Giving is the Gift of Christmas

Updated: May 17, 2023



Quietly, I make my way down the hall. Although it’s pitch dark, the white carpeting creates a path for me to follow toward the living room. Not knowing what to expect, I gingerly peer around the corner. Nothing. The room is black. Wait. Black except for two green glowing circles.


What is that? Could they be eyes. Big green eyes. A monster is in there, and it’s staring at me.


I know I should slip back into my bedroom, but I can’t. Fear loses out to curiosity. My parents, afterall, promised me that something special would happen tonight. I had to find out. Why is my favorite word and now it drives me on.


I peer around the corner to look again. The eyes are still on me.


The rest of the room--except for those eyes—is a study in monochrome. But my eyes are getting used to the dark. I see the black silhouette of our tree in the corner and smell the faint aroma of pine, and I can just make out my parents’ coffee table. Oh, there’s the little table with the lamp. It’s across the room, but if I can just make it I’ll be able to see what I’m up against…and what’s so special about tonight.


I step into the room. The eyes aren’t moving. That’s good. Slowly, silently my feet sink into the thick carpet as I tiptoe across the room to the lamp. Made it. I flick it on.


The room is illuminated by more than the light. It’s a wonderous sight. Bright and colorfully wrapped packages are piled under the Christmas tree. I see a teddy bear sitting in a little chair just my size. I look in the direction of the glowing eyes and there lies a toy tiger.
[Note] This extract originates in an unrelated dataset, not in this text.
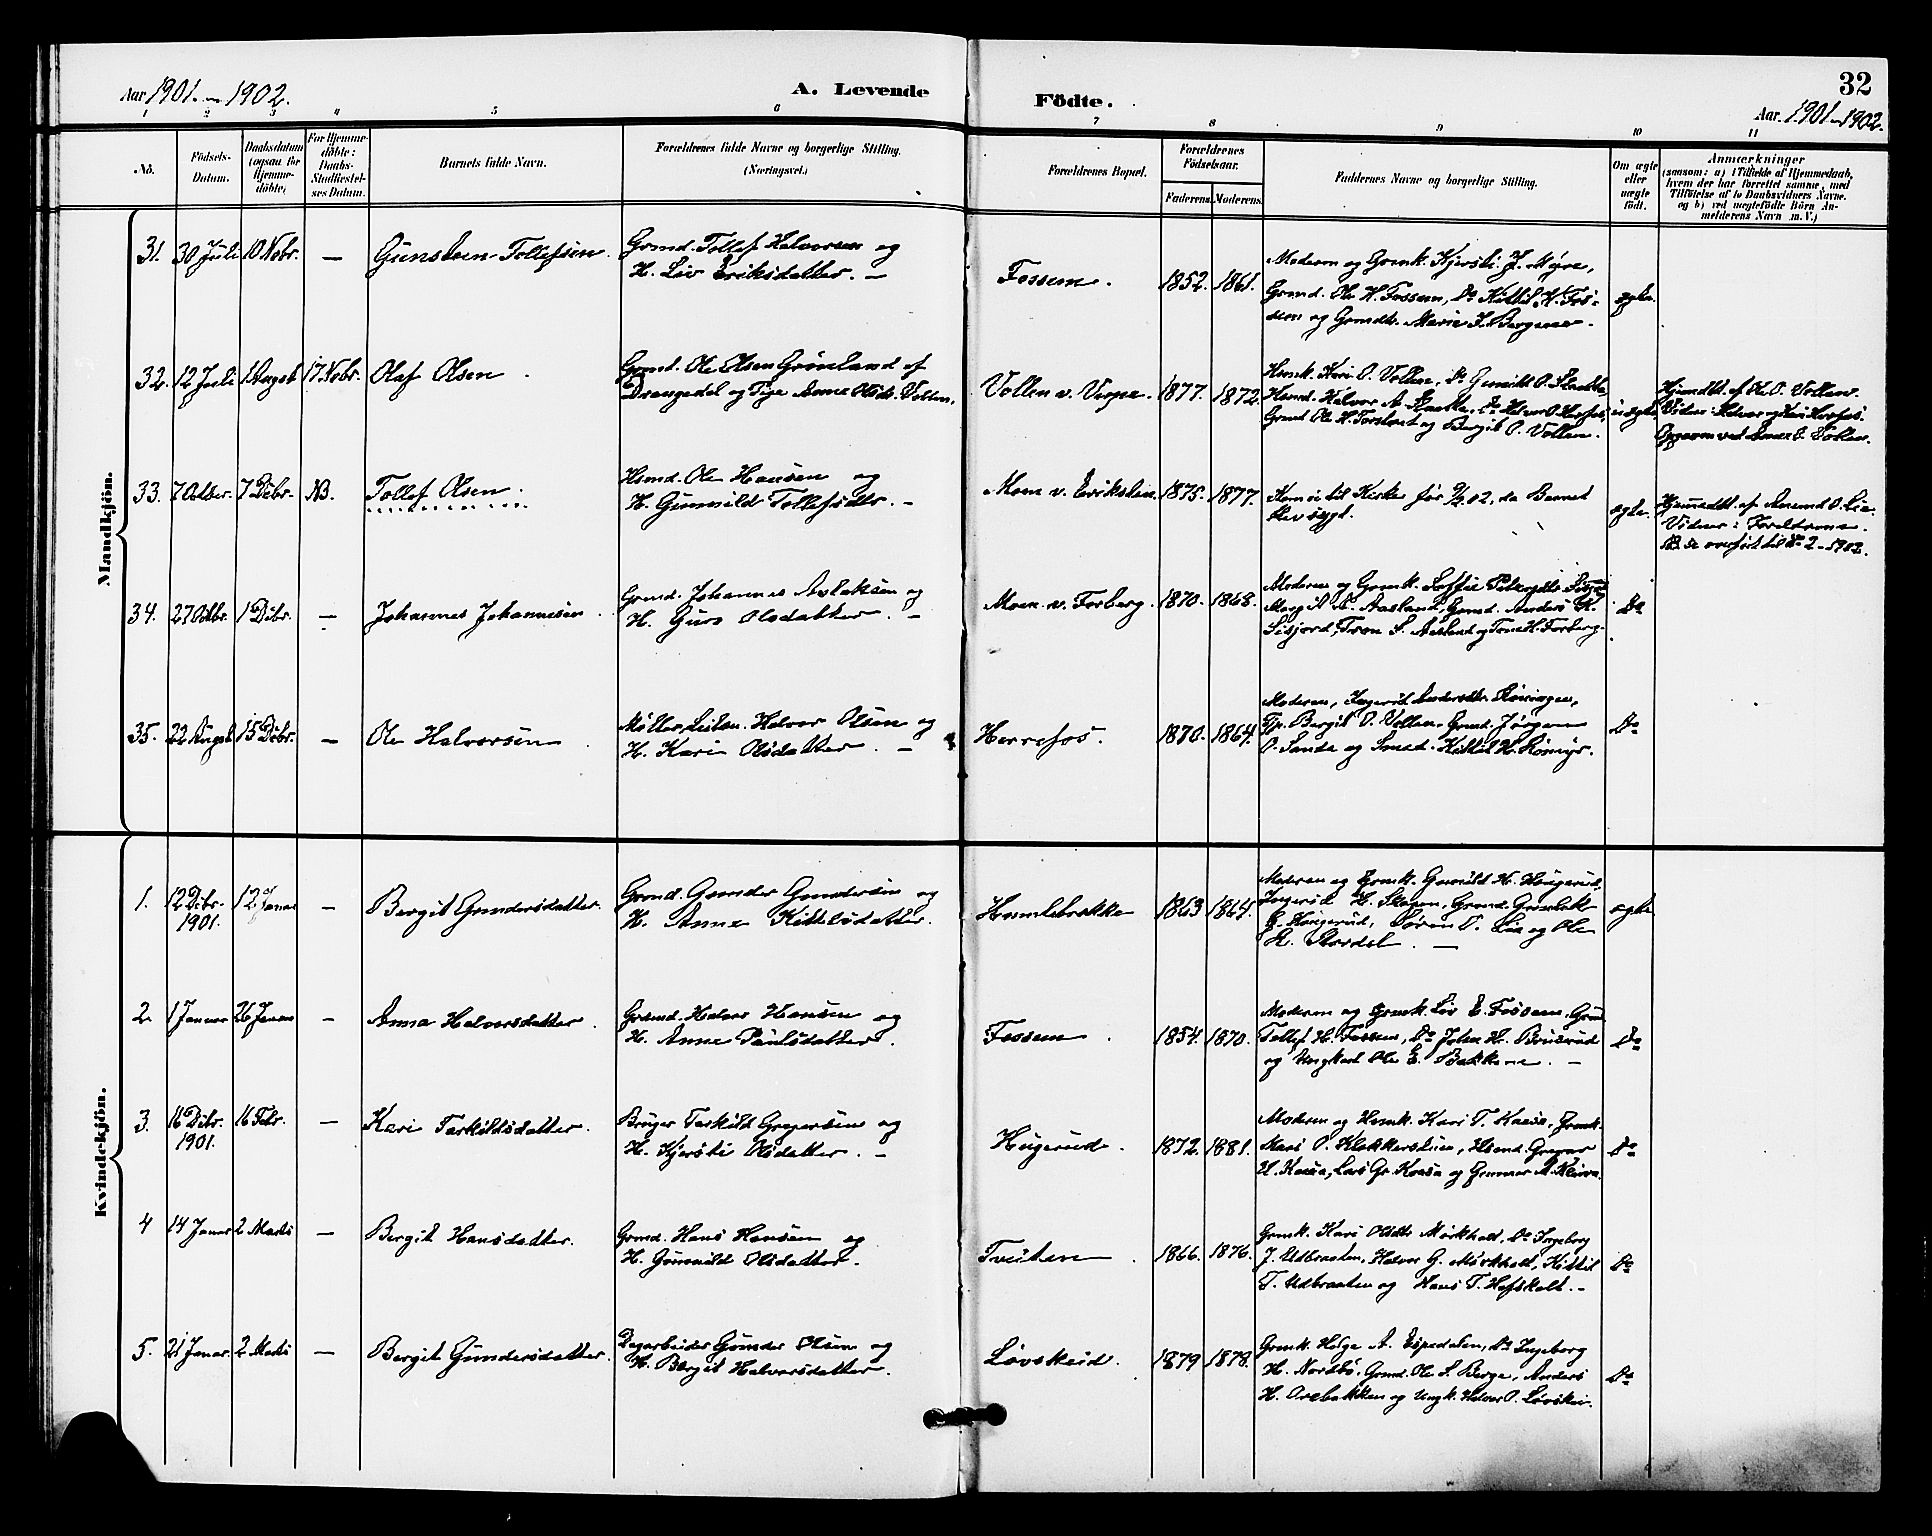 SAKO, Bø kirkebøker, G/Ga/L0006: Klokkerbok nr. 6, 1898-1909, s. 32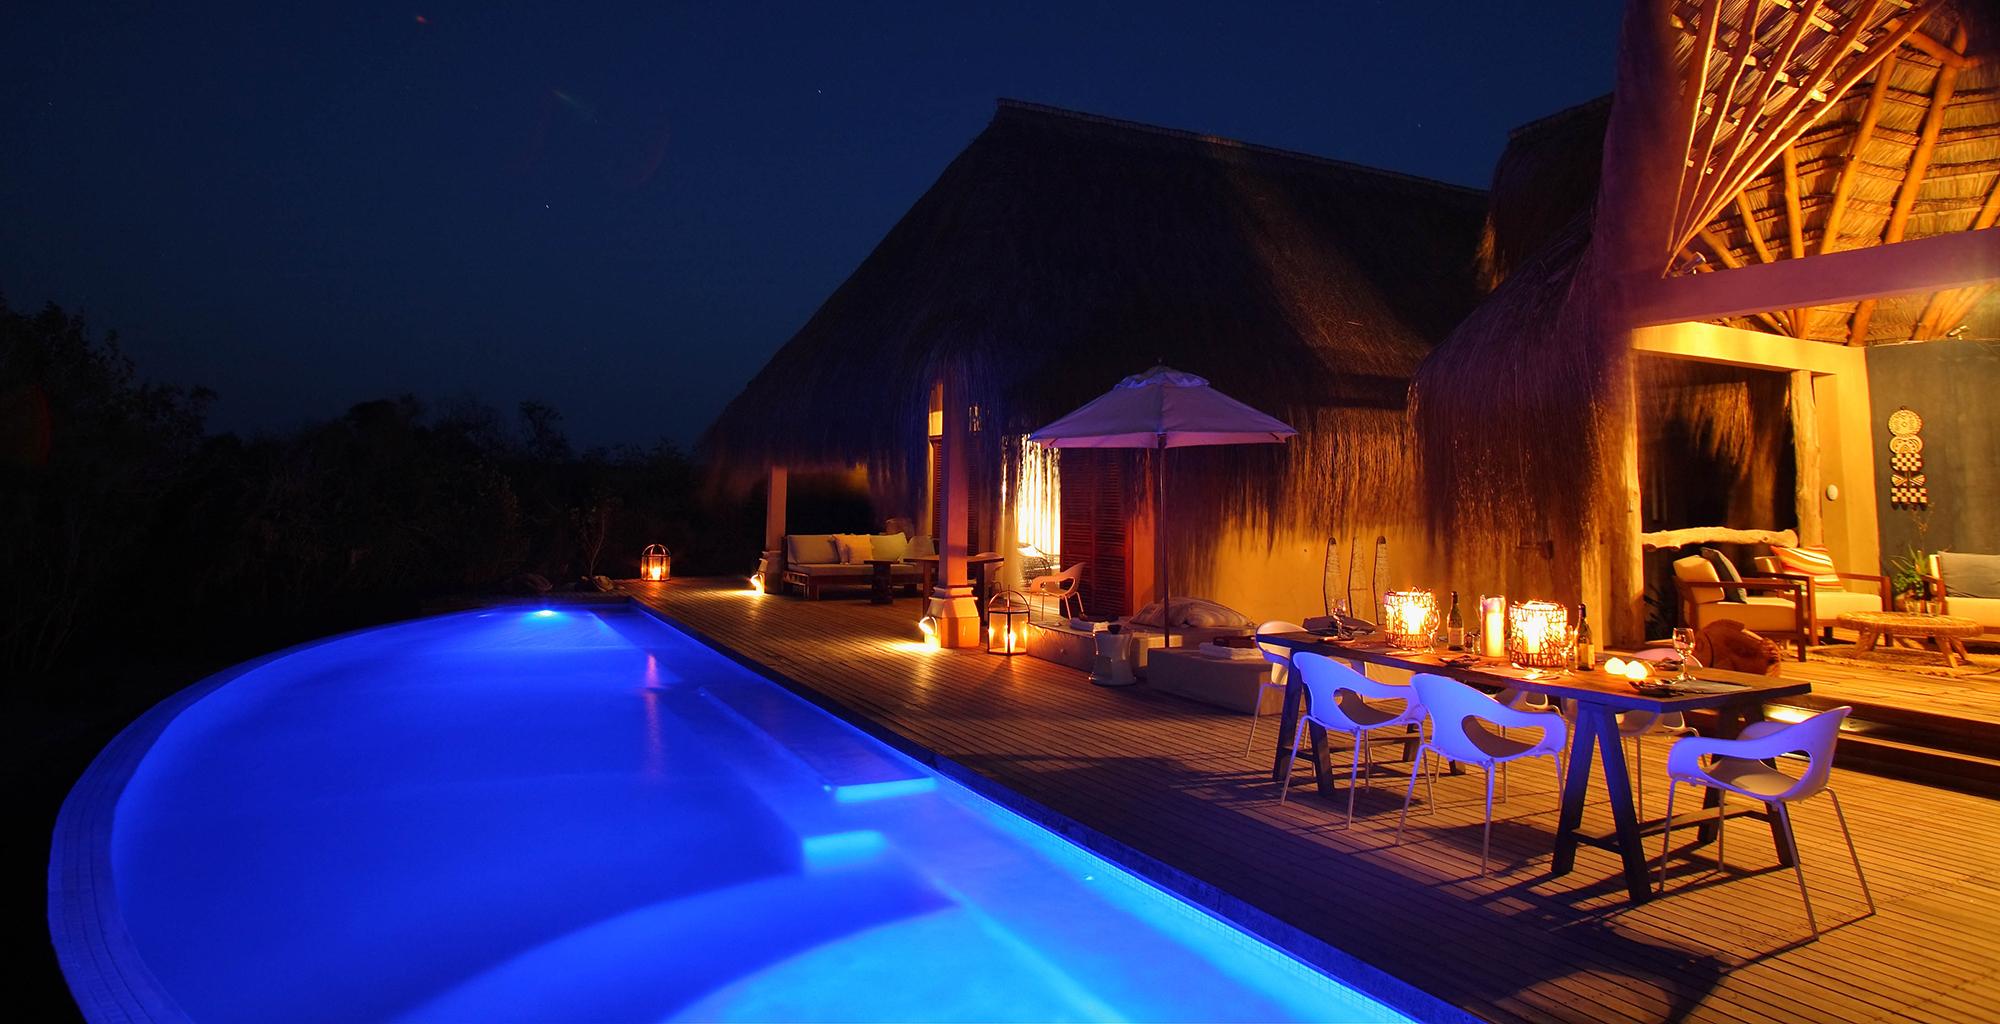 Mozambique-Bazaruto-Archipelago-Azura-Benguerra-Presidential-Swimming-Pool

It’s bigger than I am, but at least it seems to be smiling.



Childhood Lessons Learned


I’ve racked my brain, and honestly I think that this is my earliest memory. I was 2 ½ years old. The Steiff stuffed toy tiger was for me. It was not only huge, but became a good friend for many years. Sometimes I’d put on my pith helmet and play safari gear and wrestle the tiger. Other times, he absorbed my tears and dried my eyes when I was sent to my room crying.


But back to my story. Although my memory stops at seeing the tiger and dozens of gifts, my parents enjoyed filling in the rest of the story.


I was the oldest; my sister and brother hadn’t come along yet. So everything I did was new and unexpected. Mommy and Daddy never dreamed that I’d come out and tear into all the presents—especially since I was locked in my crib.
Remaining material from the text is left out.